Collected material:
"""

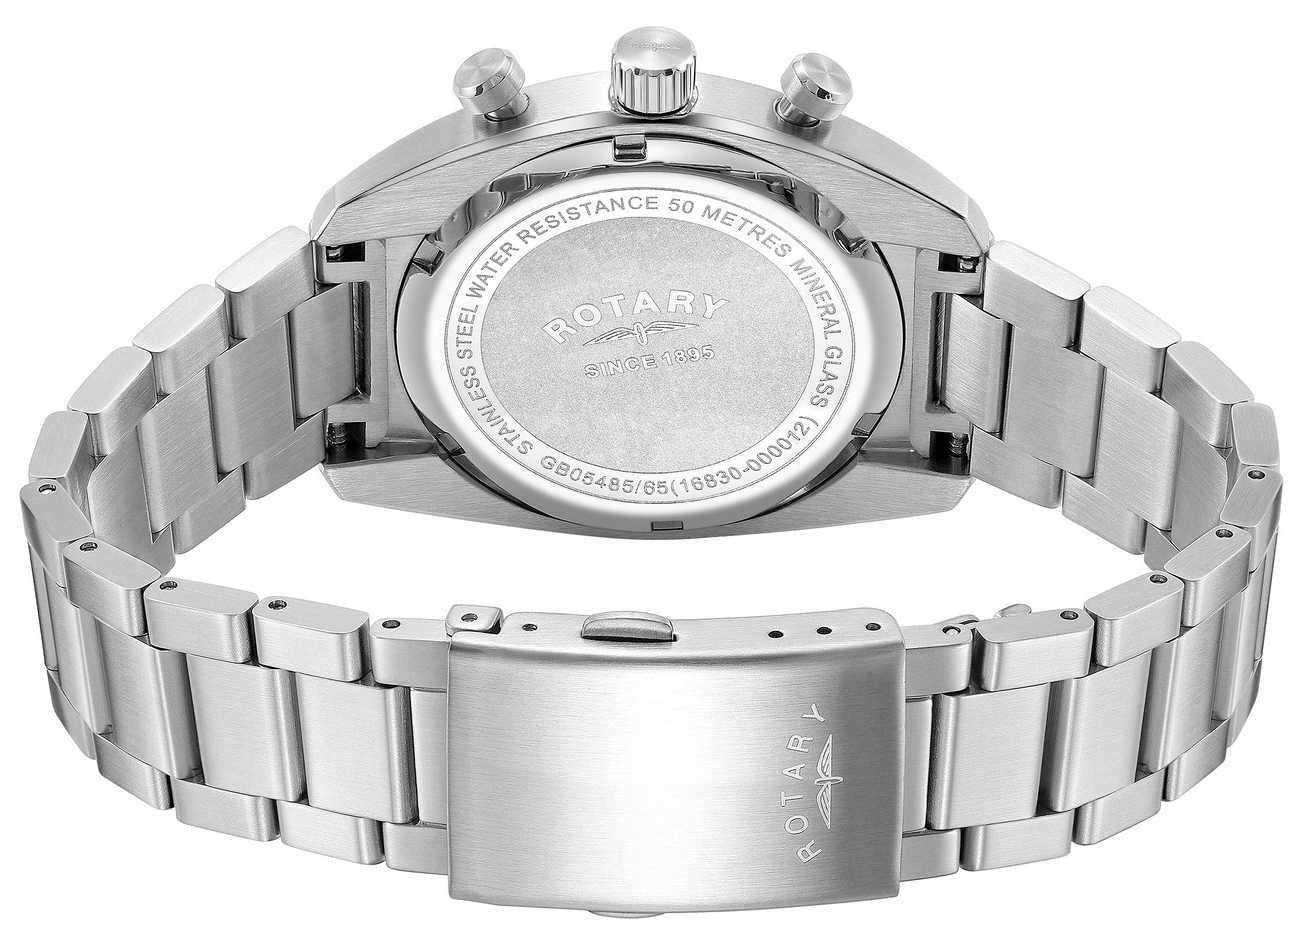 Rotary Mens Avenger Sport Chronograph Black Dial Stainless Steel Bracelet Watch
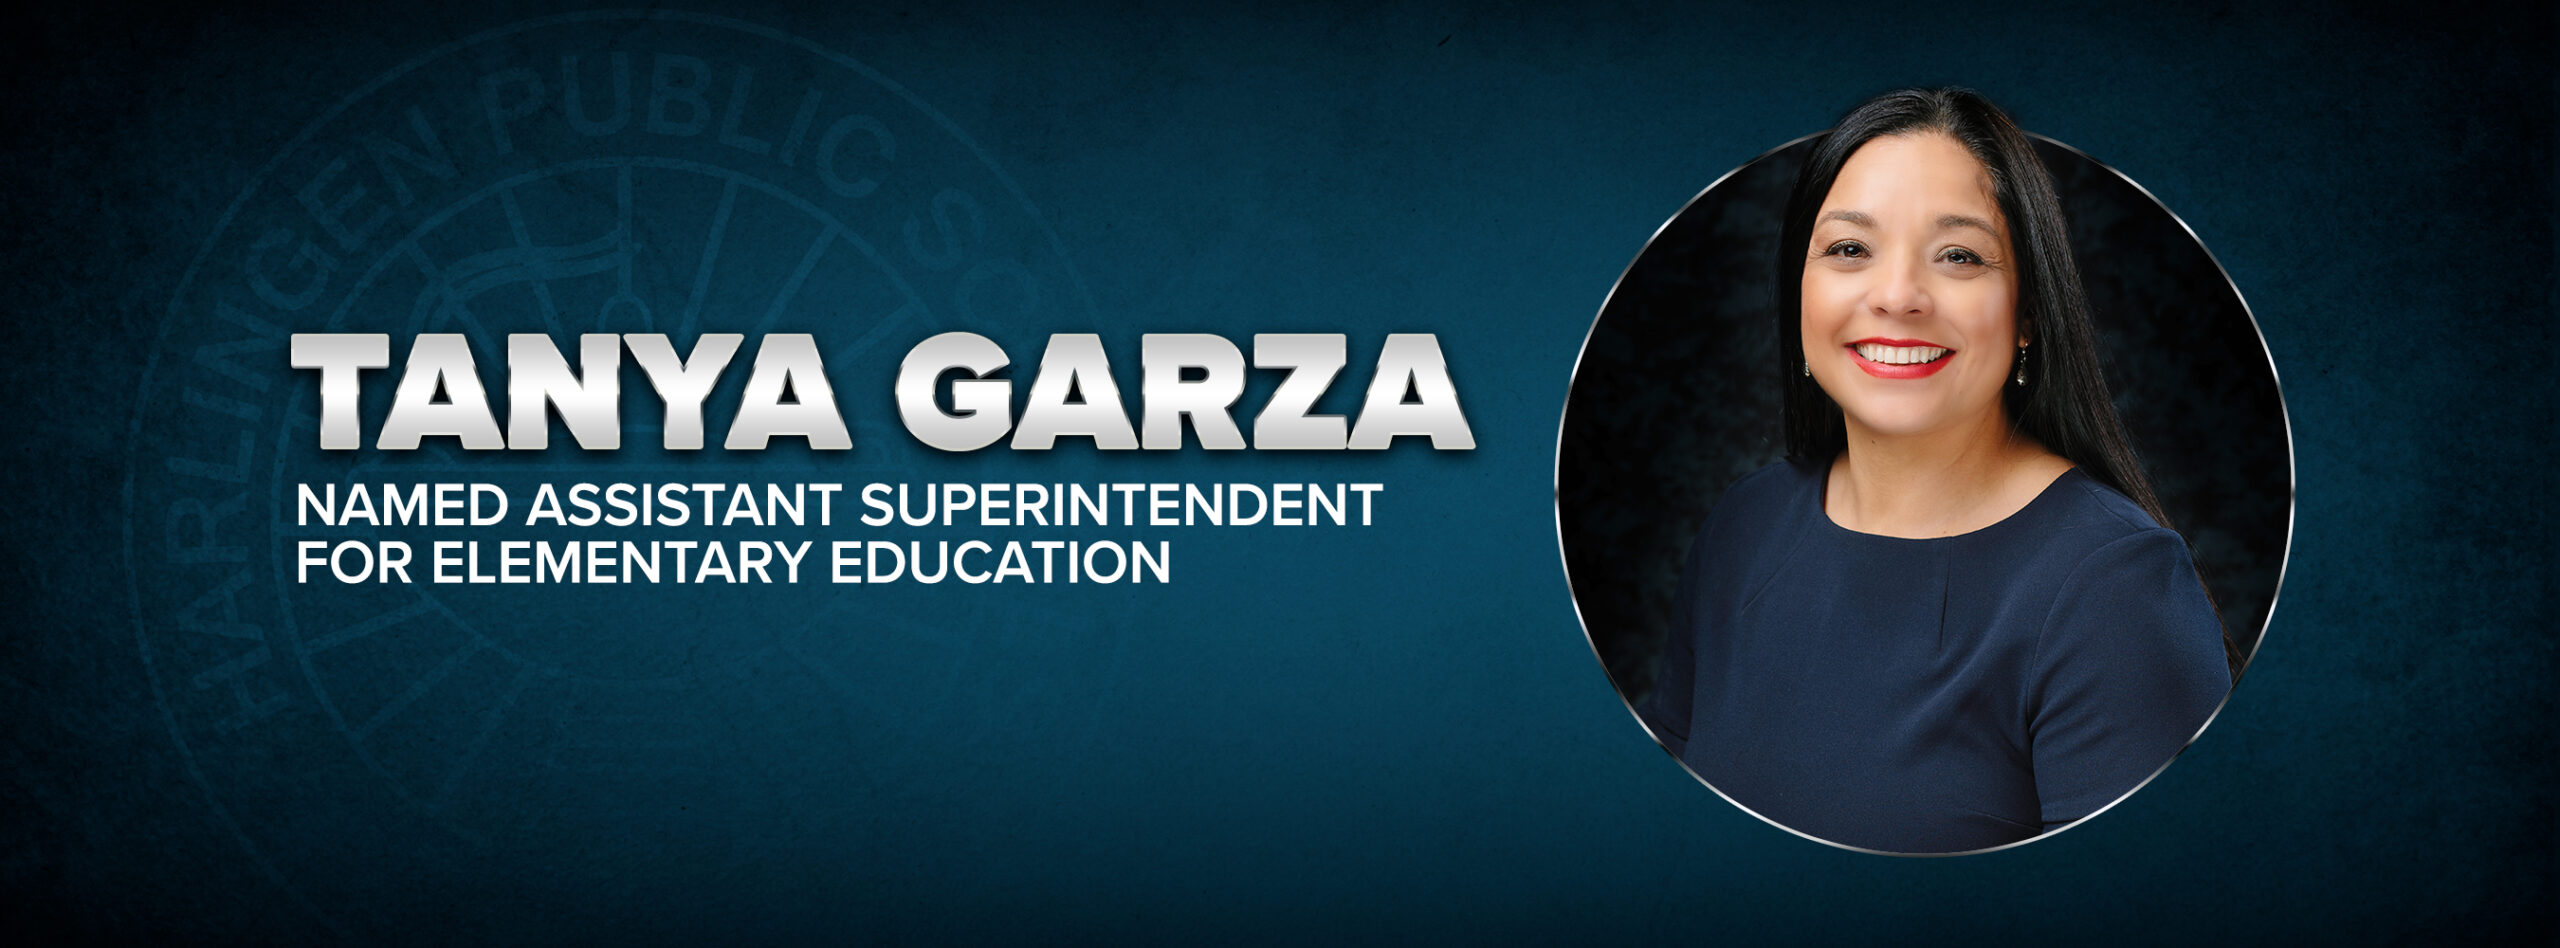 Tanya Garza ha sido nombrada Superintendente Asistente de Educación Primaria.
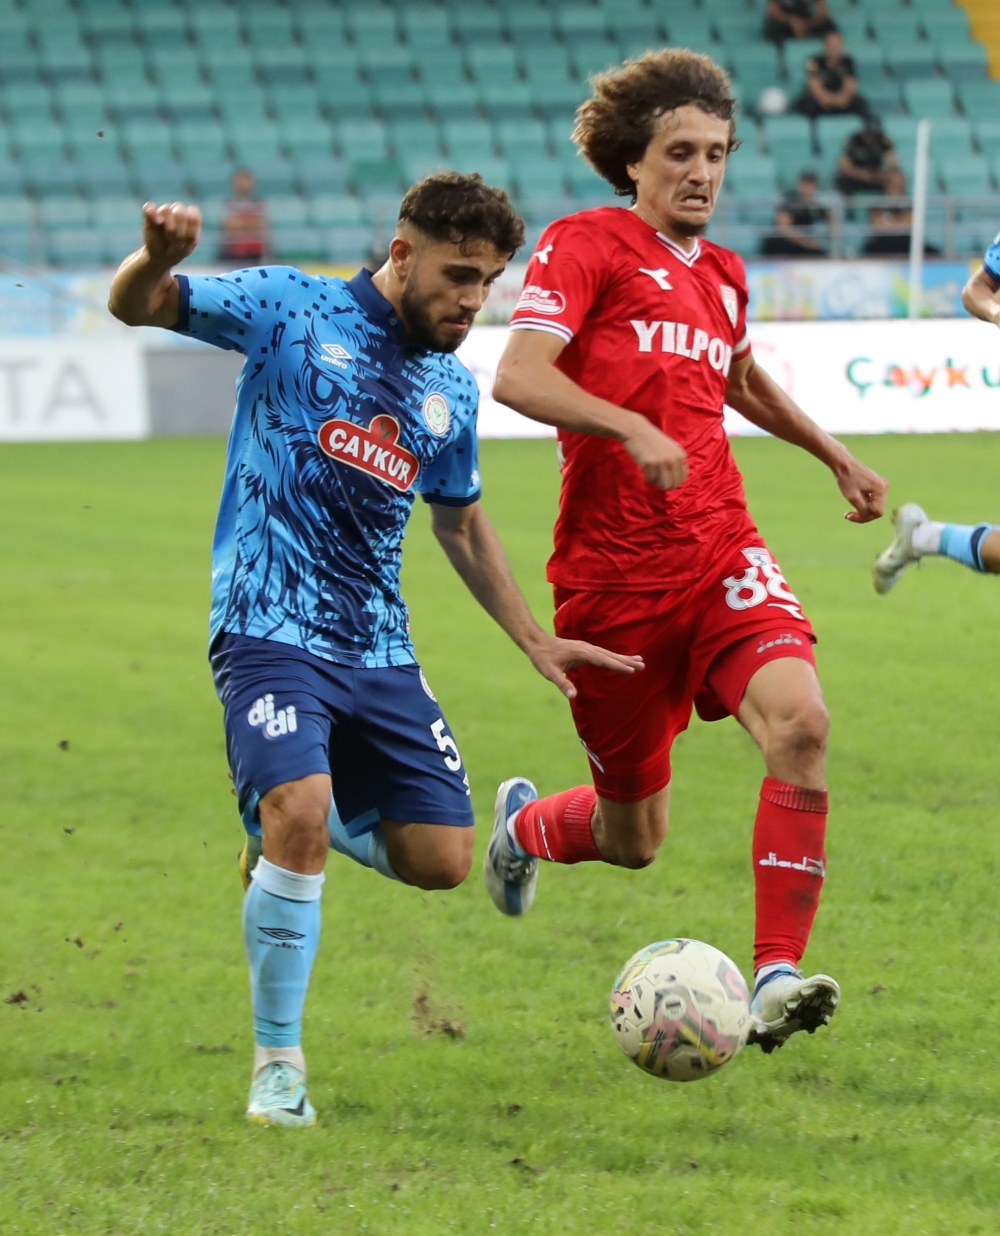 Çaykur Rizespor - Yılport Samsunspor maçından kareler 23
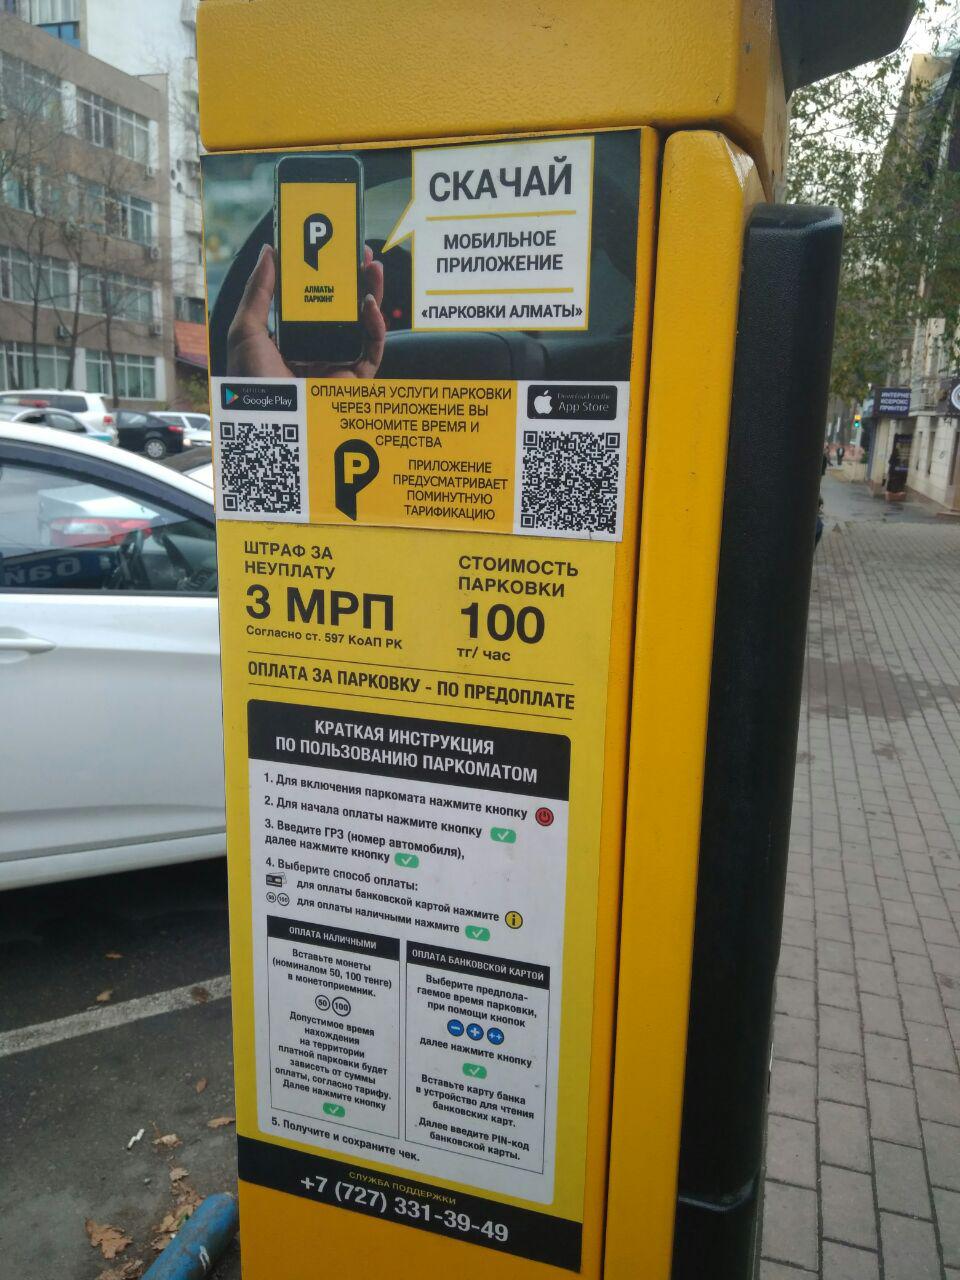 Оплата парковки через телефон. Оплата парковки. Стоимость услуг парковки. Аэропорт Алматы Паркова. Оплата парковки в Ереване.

"""

Your instructions: Write out each line again, exactly as it appears above, except for any picture.

Solution:
 Rotary Mens Avenger Sport Chronograph Black Dial Stainless Steel Bracelet Watch
 Tanya Garza ha sido nombrada Superintendente Asistente de Educación Primaria.
 Çaykur Rizespor - Yılport Samsunspor maçından kareler 23
 Оплата парковки через телефон. Оплата парковки. Стоимость услуг парковки. Аэропорт Алматы Паркова. Оплата парковки в Ереване.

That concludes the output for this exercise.